3. The Unvested Award was transferred to the undersigned on __________.
4. The Unvested Award is subject to the following restrictions: (a) restrictions on vesting based on continued service or compliance with restrictive covenants through the applicable vesting date, (b) immediate forfeiture upon a termination of employment with the Company or an affiliate for cause or a breach of a restrictive covenant, and (c) restrictions should the undersigned wish to transfer the Unvested Award (in whole or in part).

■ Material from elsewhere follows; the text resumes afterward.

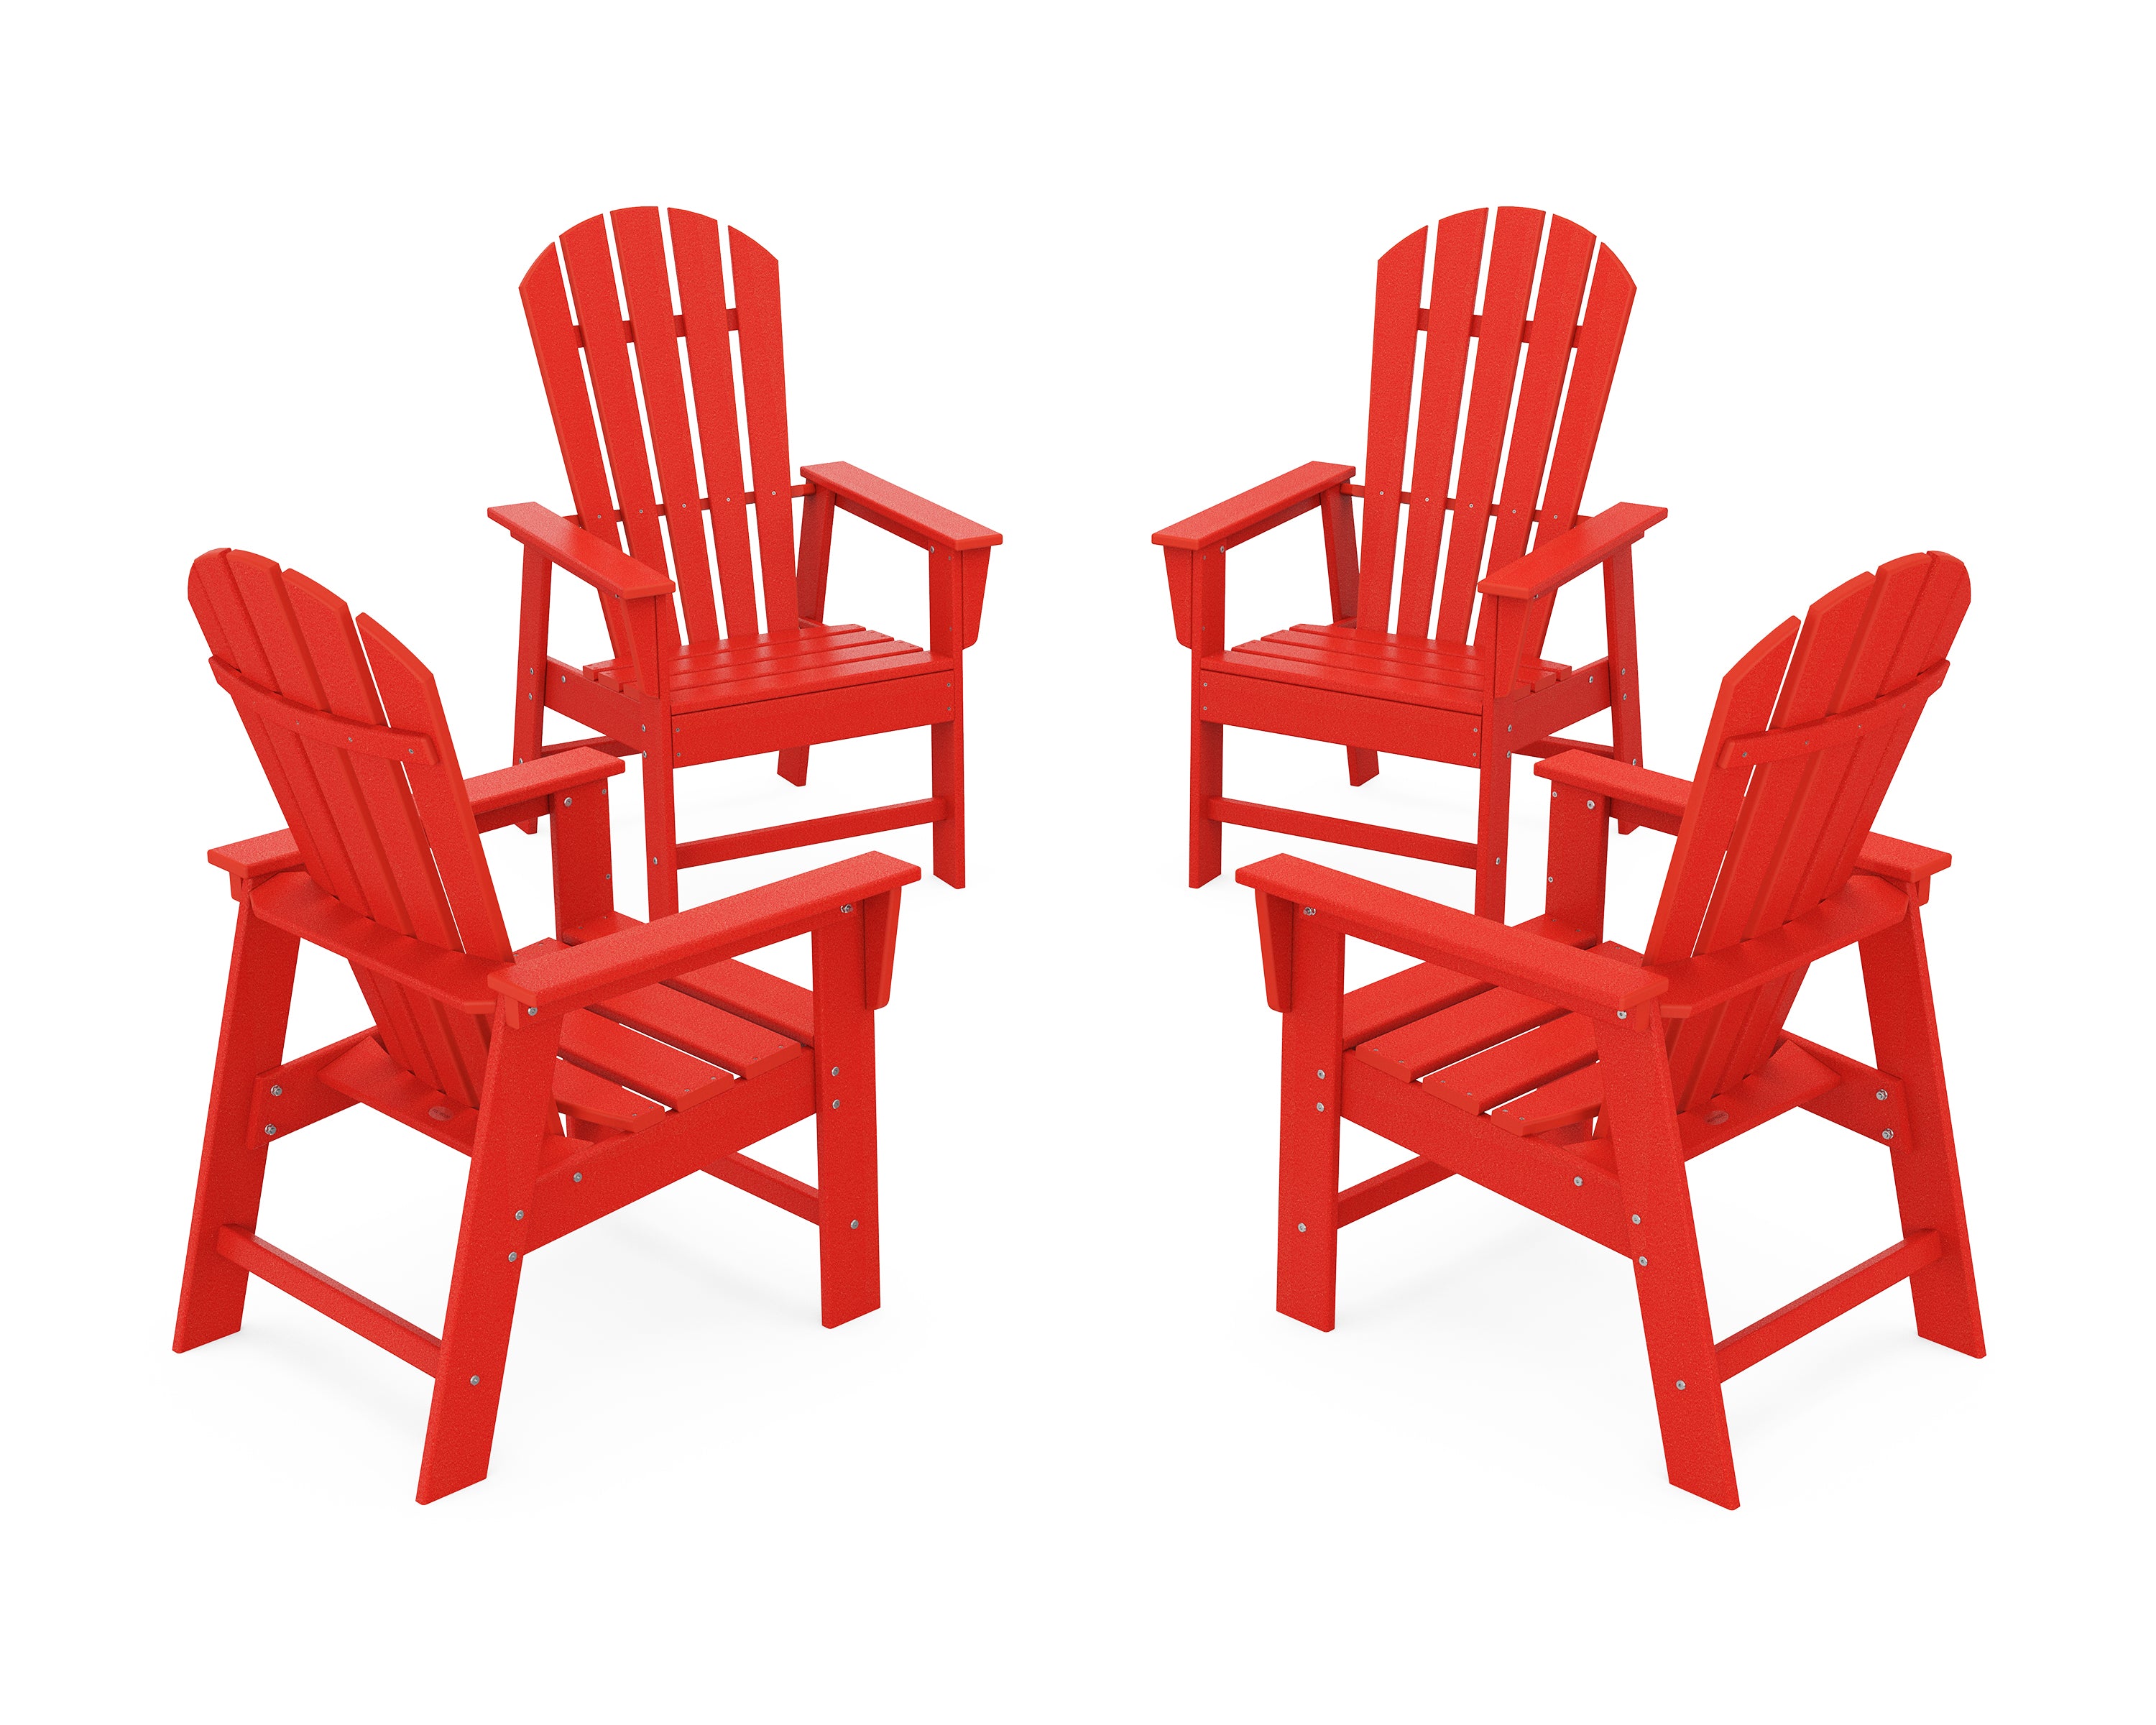 POLYWOOD® 4-Piece South Beach Casual Chair Conversation Set in Sunset Red

5. The fair market value of the Unvested Award at the time of transfer (determined without regard to any restrictions other than a nonlapse restriction as defined in Section 1.83-3(h) of the Income Tax Regulations) is $____.
6. For the Unvested Award transferred, the undersigned paid $_____________.
7. The amount to include in gross income is $_____________.
The undersigned taxpayer will file this election with the Internal Revenue Service office with which taxpayer files his or her annual income tax return not later than 30 days after the date of transfer of the property. A copy of the election also will be furnished to the person for whom the services were performed. The undersigned is the person performing the services in connection with which the property was transferred.